(The data Opens)

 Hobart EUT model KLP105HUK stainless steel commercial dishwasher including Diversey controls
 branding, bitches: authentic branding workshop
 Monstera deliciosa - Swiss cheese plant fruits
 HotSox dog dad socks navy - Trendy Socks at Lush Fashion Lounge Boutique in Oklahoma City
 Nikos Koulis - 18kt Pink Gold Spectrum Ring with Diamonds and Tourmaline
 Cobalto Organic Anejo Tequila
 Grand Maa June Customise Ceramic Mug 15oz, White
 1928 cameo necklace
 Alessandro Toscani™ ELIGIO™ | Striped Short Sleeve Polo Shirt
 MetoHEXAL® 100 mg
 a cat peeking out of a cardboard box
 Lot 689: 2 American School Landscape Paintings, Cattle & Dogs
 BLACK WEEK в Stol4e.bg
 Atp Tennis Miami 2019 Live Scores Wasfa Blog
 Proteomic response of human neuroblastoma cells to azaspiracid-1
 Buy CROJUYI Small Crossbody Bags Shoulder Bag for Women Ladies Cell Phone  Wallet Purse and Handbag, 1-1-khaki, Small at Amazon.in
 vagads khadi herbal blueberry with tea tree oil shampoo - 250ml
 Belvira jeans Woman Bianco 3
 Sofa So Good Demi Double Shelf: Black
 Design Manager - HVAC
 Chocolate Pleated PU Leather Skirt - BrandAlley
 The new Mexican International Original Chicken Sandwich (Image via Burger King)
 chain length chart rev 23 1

(The data Closes)

Please copy out the data above exactly.

 Hobart EUT model KLP105HUK stainless steel commercial dishwasher including Diversey controls
 branding, bitches: authentic branding workshop
 Monstera deliciosa - Swiss cheese plant fruits
 HotSox dog dad socks navy - Trendy Socks at Lush Fashion Lounge Boutique in Oklahoma City
 Nikos Koulis - 18kt Pink Gold Spectrum Ring with Diamonds and Tourmaline
 Cobalto Organic Anejo Tequila
 Grand Maa June Customise Ceramic Mug 15oz, White
 1928 cameo necklace
 Alessandro Toscani™ ELIGIO™ | Striped Short Sleeve Polo Shirt
 MetoHEXAL® 100 mg
 a cat peeking out of a cardboard box
 Lot 689: 2 American School Landscape Paintings, Cattle & Dogs
 BLACK WEEK в Stol4e.bg
 Atp Tennis Miami 2019 Live Scores Wasfa Blog
 Proteomic response of human neuroblastoma cells to azaspiracid-1
 Buy CROJUYI Small Crossbody Bags Shoulder Bag for Women Ladies Cell Phone  Wallet Purse and Handbag, 1-1-khaki, Small at Amazon.in
 vagads khadi herbal blueberry with tea tree oil shampoo - 250ml
 Belvira jeans Woman Bianco 3
 Sofa So Good Demi Double Shelf: Black
 Design Manager - HVAC
 Chocolate Pleated PU Leather Skirt - BrandAlley
 The new Mexican International Original Chicken Sandwich (Image via Burger King)
 chain length chart rev 23 1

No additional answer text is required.